The Crossroads

Without Prejudice


The Daughter


I am in my fifties and am facing the "Crossroads" again. You have to love that whatever the age you are there will always be Crossroads. I can do one of three things. I can earn myself some good money and go back to Purchasing in Automotive in Melbourne, I can sell my script to the highest bidder and I can open up my own web site and counsel other women like me for money.

So many choices. As I speak one daughter is packing up her life in Melbourne, more than willing to jump and when I return I will help her drive her and the kids here and settle her in for 3 months or so. Then I can return to Melbourne and do what I want knowing she is happy. That's one plan and that's easy. I've driven more times to Queensland than I care to remember and it's 24 hours out of your life, basically.

I once did it in Cedric, my old station wagon, the screw came out of the Drive handle and I stuck a big nail in it about 50 kms out of Melbourne. I had my Grandson in the car who had his learners and I thought he might be able to spell me when I was tired at night. He fell asleep and I just kept driving. 1,300 miles later, the car and he and I made it but not without some teeth gnashing from me.

That is one big long lonely boring trip and believe it or not, you do have to watch out for kangaroos. But then they have bounded across the road at The Police Paddocks in Melbourne, scaring the life out of me there in the suburbs. It's just an endless trip through the back of New South Wales where garages are few and far between and are staffed by tired faded people that look like they were last seen playing duelling banjos in Deliverance.
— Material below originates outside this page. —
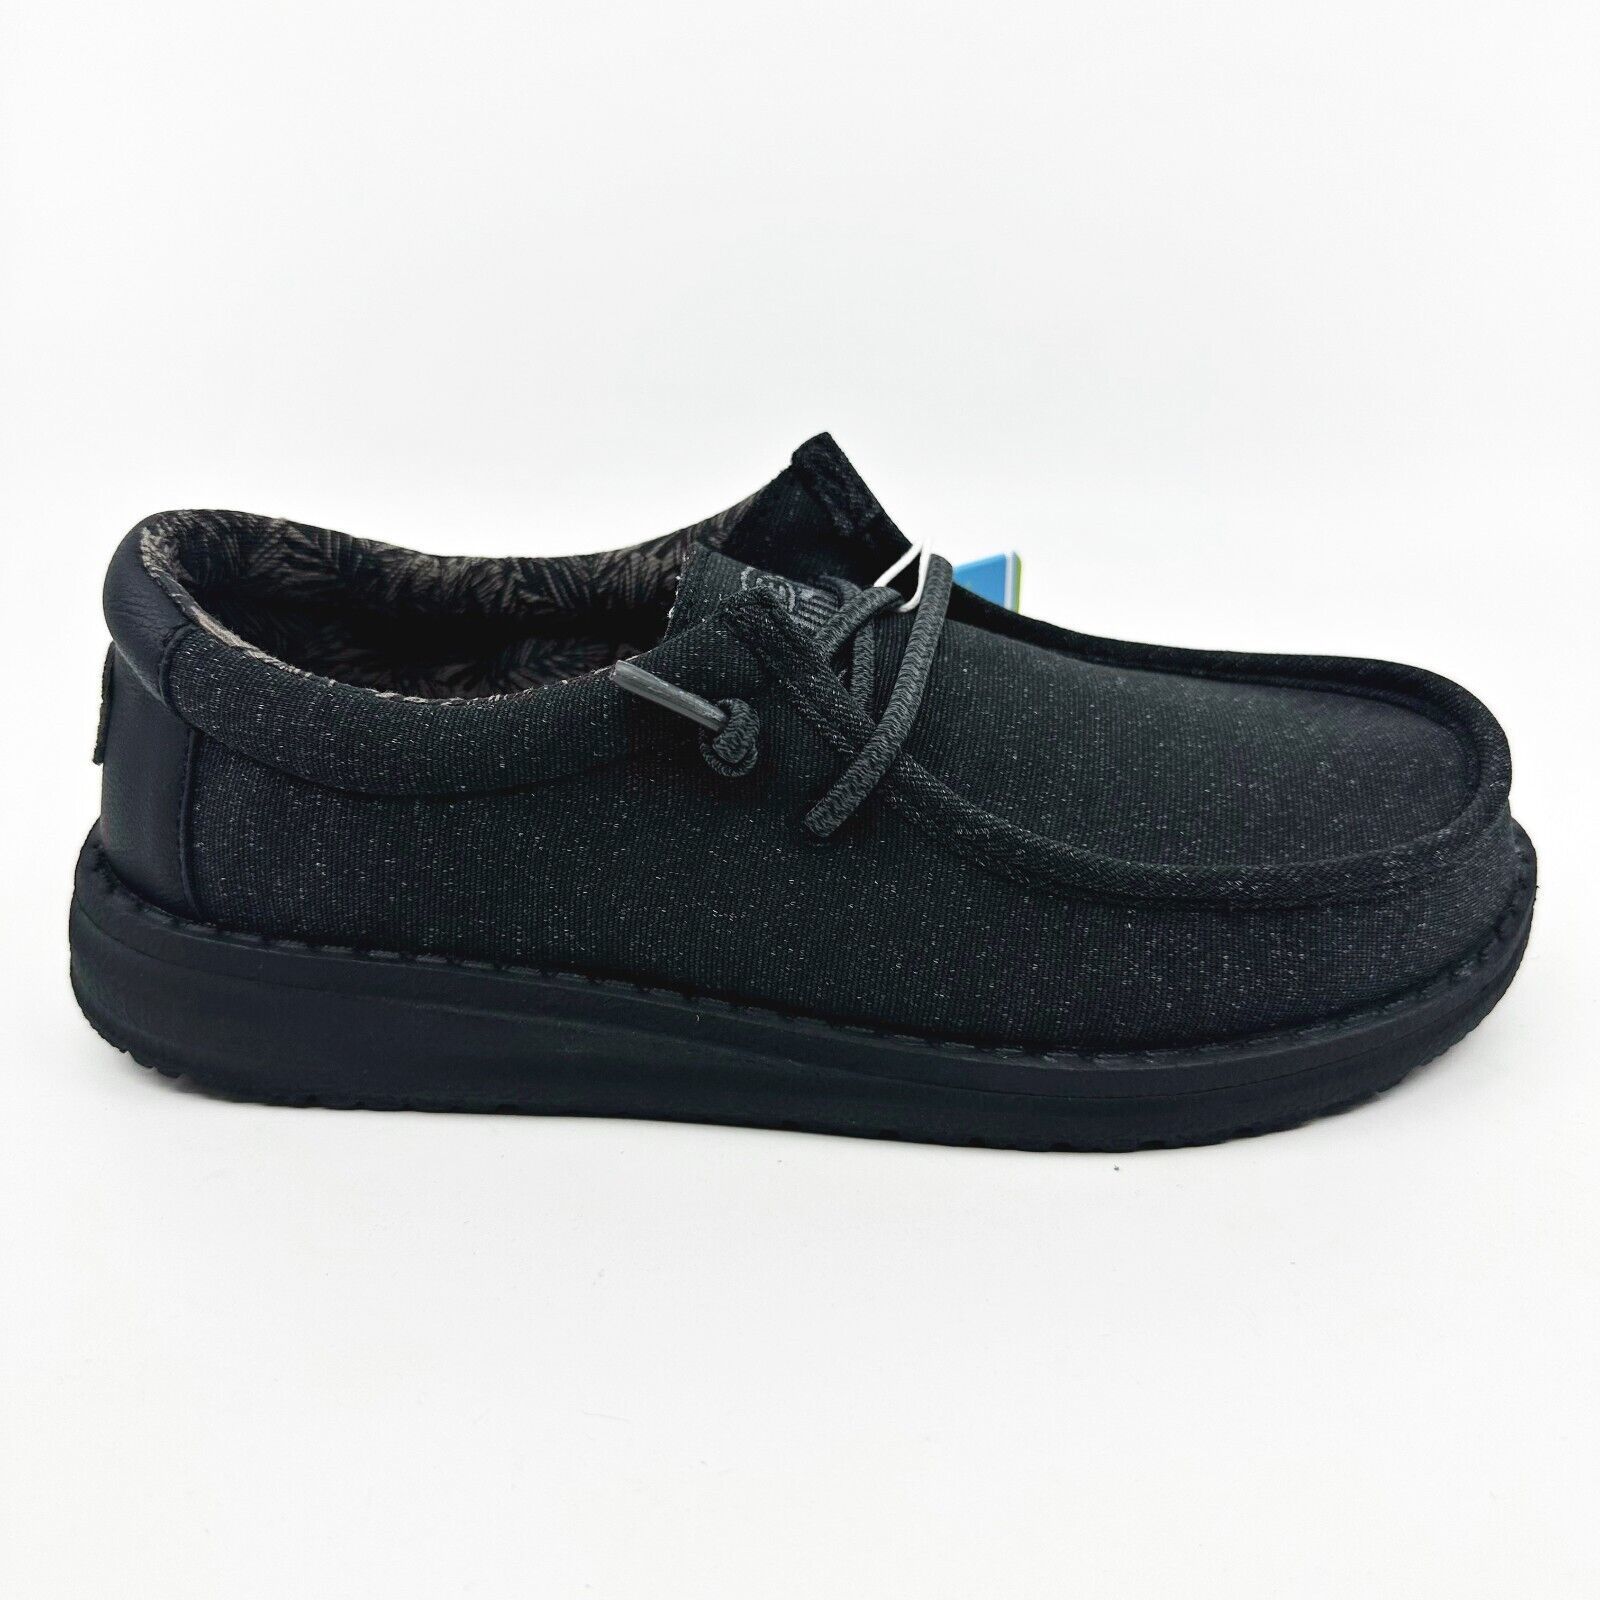 Primary image for Hey Dude Wally Youth Basic Black Kids Comfort Slip On Shoes

Yesterday I was contemplating my crossroads when I saw the man next door to my brother's house. He's in his 90's, wears hearing aids, walks stiffly and is covered in liver spots on his face. But when you look in his eyes, as I did when we had a chat, he is ageless.
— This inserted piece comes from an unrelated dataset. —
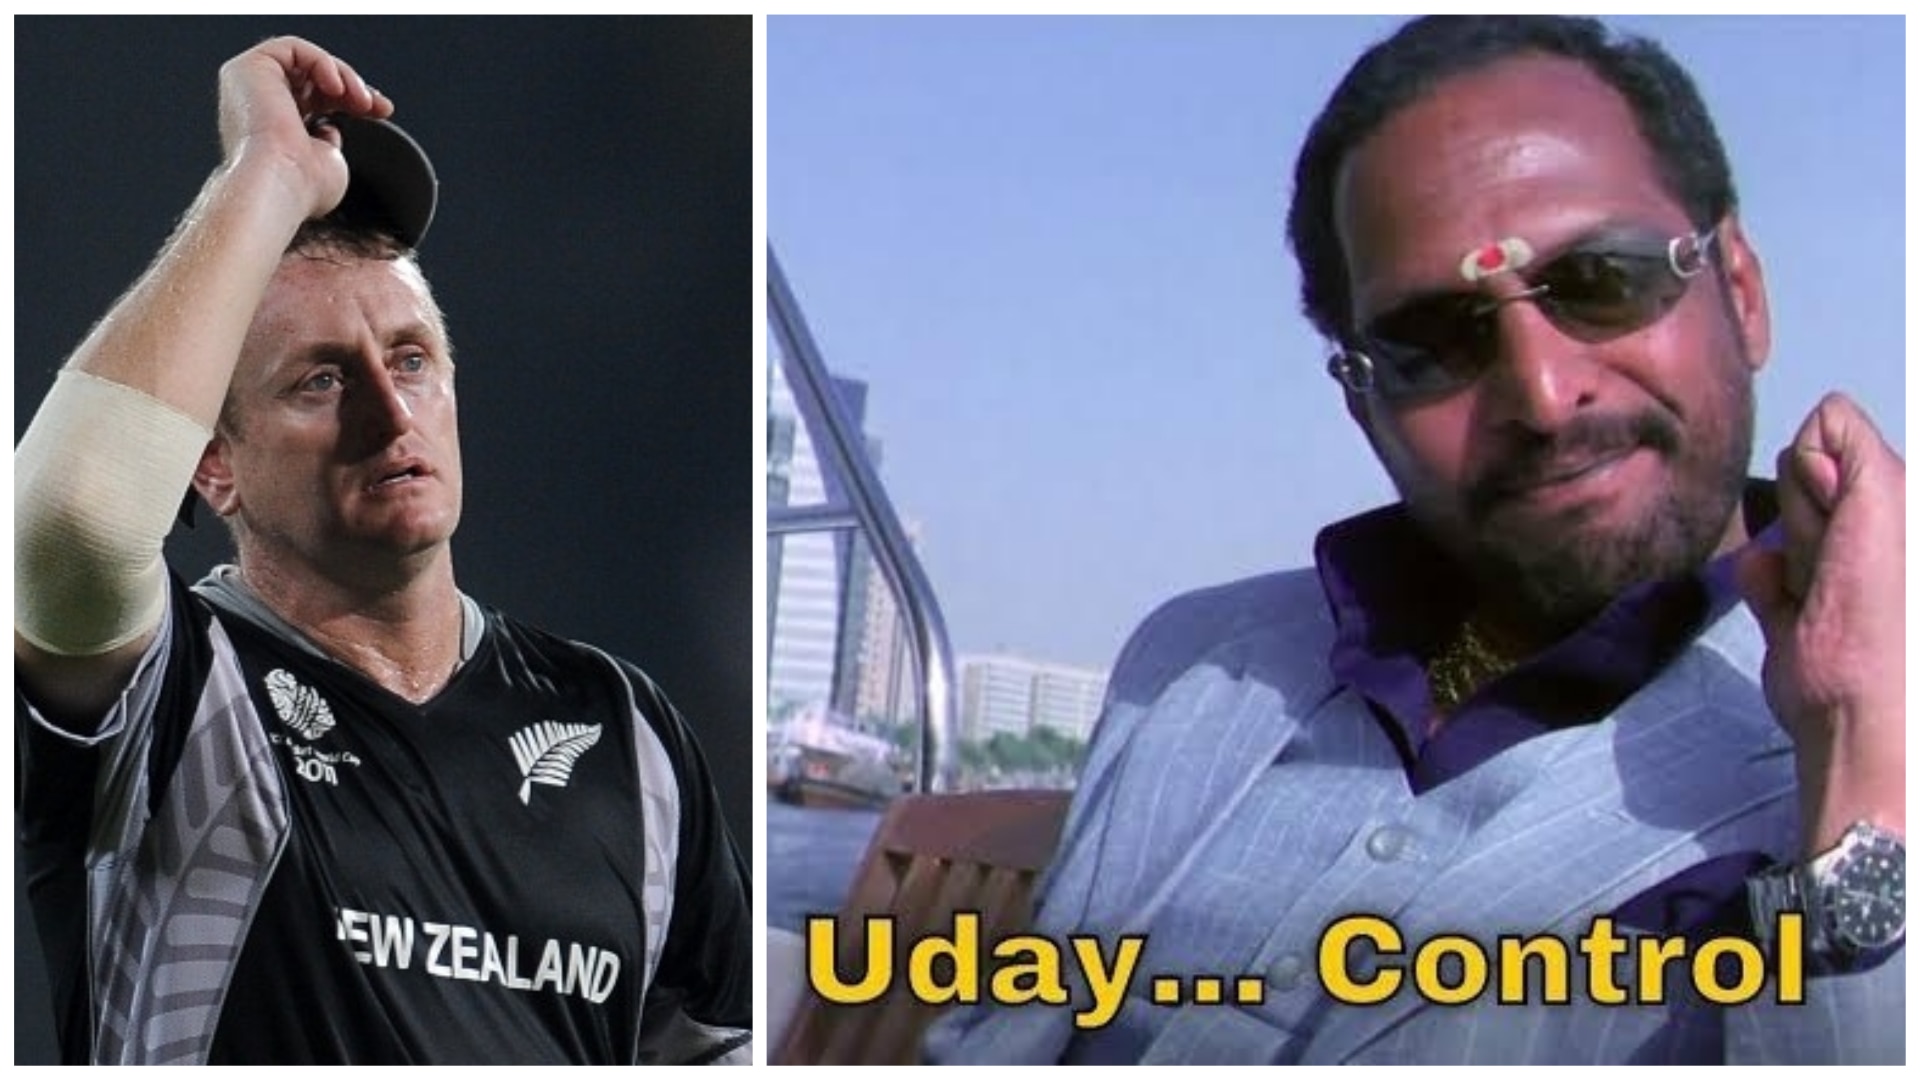 ‘Keep watch over Uday Keep watch over’: Rajasthan Royals’ Hilarious ‘Welcome’ Tweet In Answer To Scott Styris’ Predictions

He had a store once at Lyndhurst in Melbourne, long before it was the pricier suburb of Lynbrook that it is now. I remember it, his shop, only building for miles around. His eyes light up when I say I too am from Melbourne's outer south east.

The eyes never lose the sparkle as he talks to me through the window of the car, parked as I am in the middle of the road. This is Queensland, and traffic is fairly non existent around here.

I see him take his daily constitutional every day and he kindly brings in the bins as well when they are out on the grassy verge. He is still tall and his posture is ramrod straight, this ex grocer from Lyndhurst. He shares a double story house with his wife who is as elderly as he, though she seems more spry.

She seems to dart rather than walk. Their kids are all grown up and gone. The kids think they should move into the bottom of the house but they defy that, for now.

I love the ageless. I love the way this mans eyes light up at female company, any female company, my Dad was the same. Didn't matter if they were 1 to 100, Dad's eyes would always light up when a female entered the room. He genuinely loved females my Dad and for that fact alone I was very blessed.

This older man is the same, probably has daughters and grand daughters and great great. We enjoy our little tete a tete in the middle of the road in the Queensland sun where he has come to retire, 30 years ago..

I wonder if he thought he would last this long. I wonder how it feels to be him, does he plan for the future or just live day by day? I wonder what it's like to be him, wearing hearing aids and knees a bit stiff in the mornings, when the mornings are cold like they are now. The ill winds of chill always blow at this time of the year. Round about "Ecca" time in Brisbane. They blow for three weeks and disappear.

Then the long slow amble back towards the hotter days again as Queensland slips into Spring. Queensland is nothing like the Southern States where a marked change in season is felt. Here, there is only Winter and Summer and honestly if you didn't know better, winter slips right by you altogether. The leaves don't turn brown, orange, gold and shed. They seem to stay the same all year round. The foliage is always healthy and growing.

There are some cold mornings but nothing to whimper about. Some cold nights but not that bad either. There can be rainy days when a heavy pour comes but even they aren't that bad. I've noticed Queenslanders are a stoic lot anyway. Weather is not a big point of discussion like it is in Melbourne. Everybody in Melbourne waits for the weekend and its more than likely to be crap weather. So it is along with house prices a bit point of discussion.

When you get a great weekend in Melbourne its a high point in your life. Not like here where its common place and no one except us Southerners exclaim at it's beautiful warmth. I guess I'll retire here when I am starting to feel the cold seeping into old bones. Hopefully I too will still have a twinkle in my eye when I see a male personage, no matter what the age.

And I won't be the one facing the crossroads then, just like Keith next door is not facing one in his. For him it's enough to wake up to just one more precious sunlit day, walk the road up and down and yarn to me about all things inconsequential and yet to him, so much.